* [ABOUT THIS TASK]: Each line of the data below should be restated exactly, with images left out.

GIVEN INFORMATION Block Start

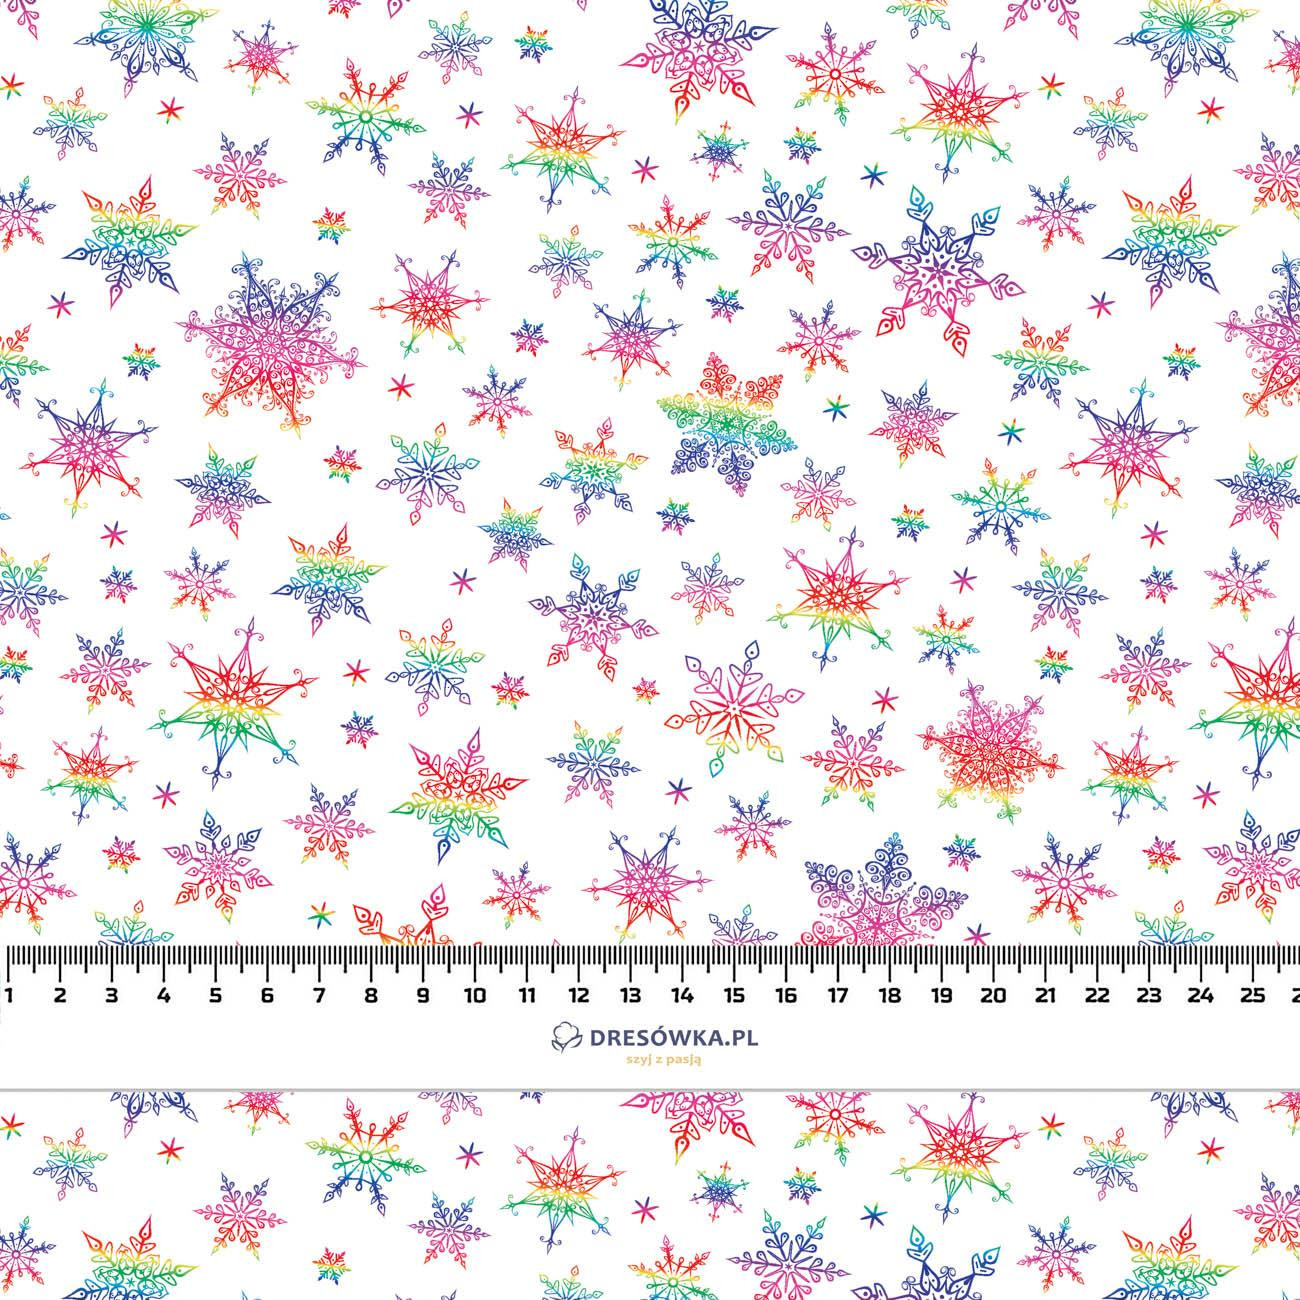 RAINBOW SNOWFLAKES PAT. 2 - brushed knit fabric with teddy / alpine fleece
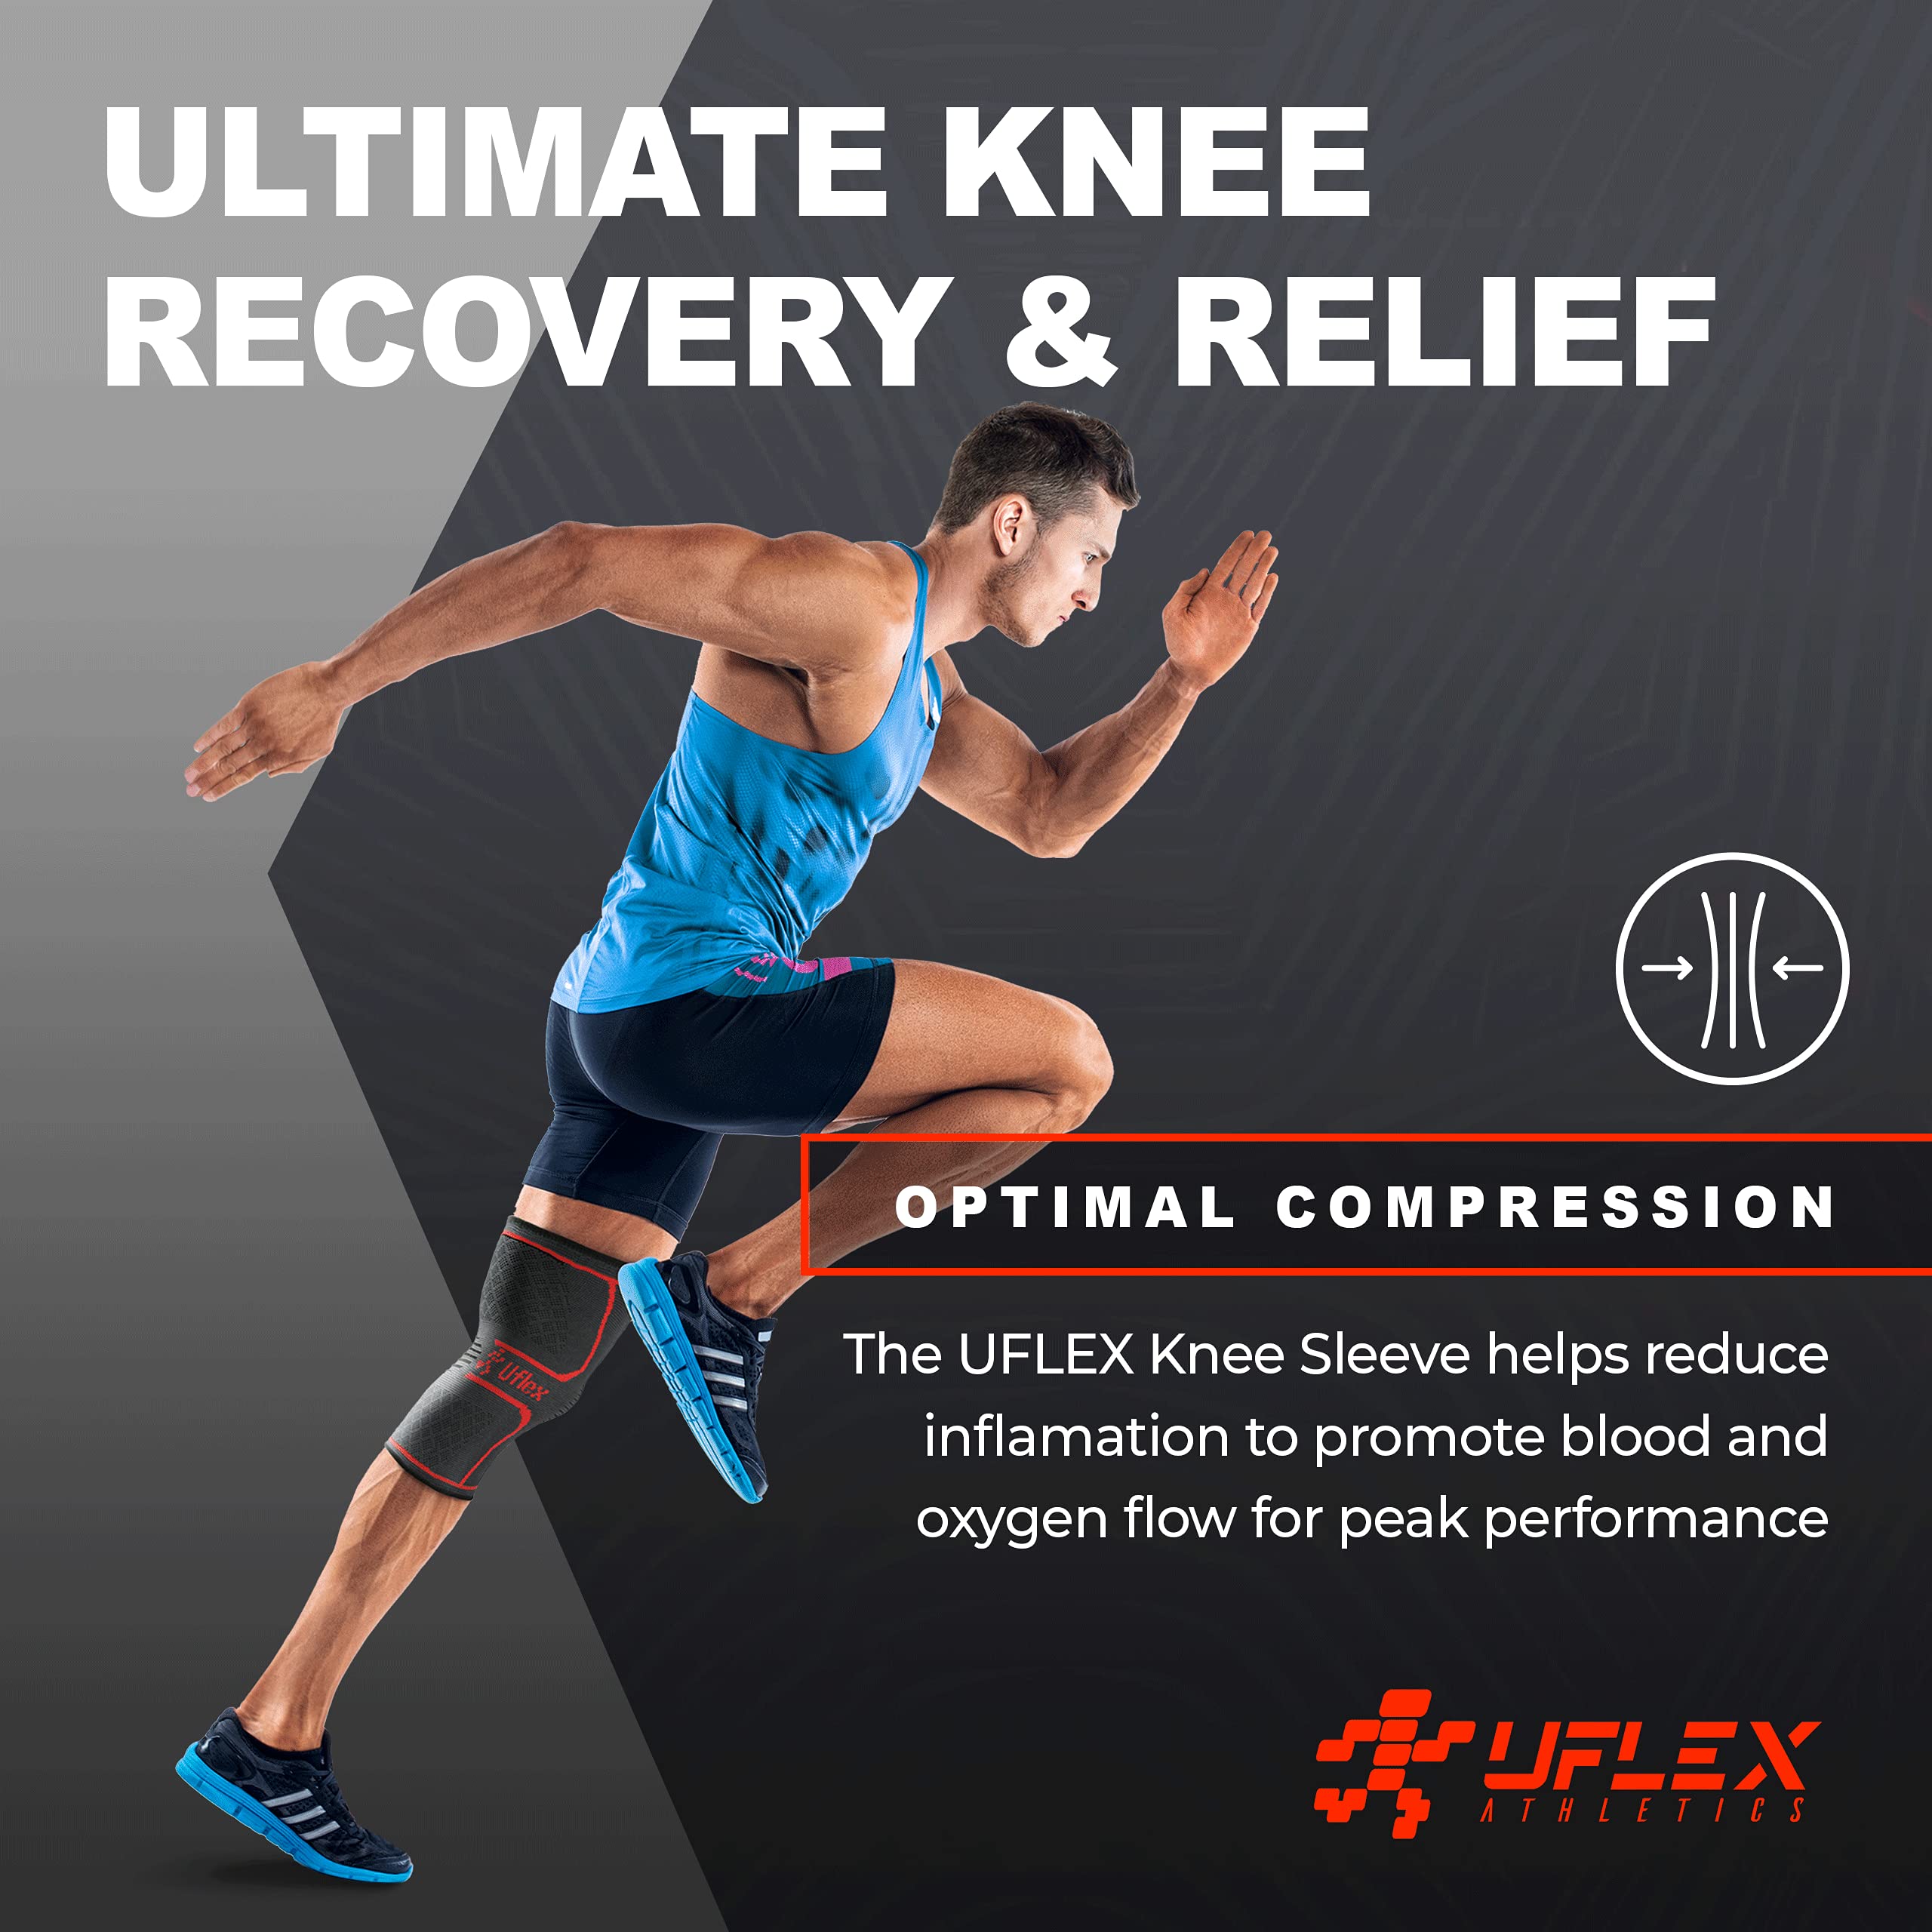 UFlex Athletics Knee Compression Sleeve Support for Women and Men - Knee Brace for Pain Relief, Fitness, Weightlifting, Hiking, Sports
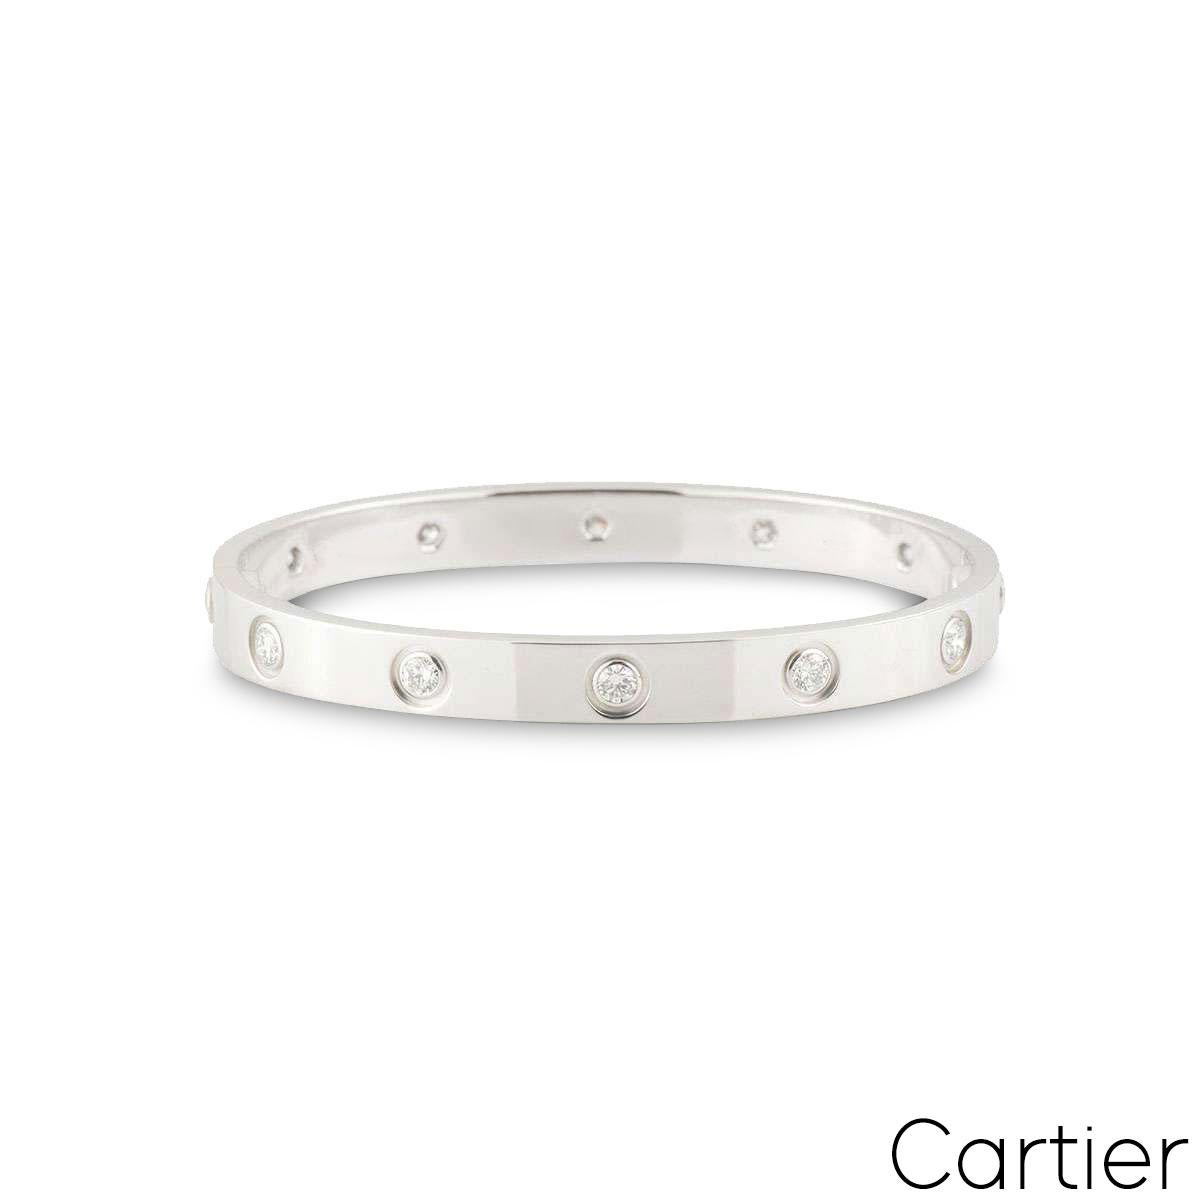 An iconic 18k white gold full diamond Cartier bracelet from the Love collection. The bracelet is set with 10 round brilliant cut diamonds circulating the outer edge throughout in a rubover setting. The bracelet is size 20 and features the new style

GIVEN INFORMATION Block End

* [EXERCISE OUTPUT]:
 RAINBOW SNOWFLAKES PAT. 2 - brushed knit fabric with teddy / alpine fleece
 UFlex Athletics Knee Compression Sleeve Support for Women and Men - Knee Brace for Pain Relief, Fitness, Weightlifting, Hiking, Sports
 An iconic 18k white gold full diamond Cartier bracelet from the Love collection. The bracelet is set with 10 round brilliant cut diamonds circulating the outer edge throughout in a rubover setting. The bracelet is size 20 and features the new style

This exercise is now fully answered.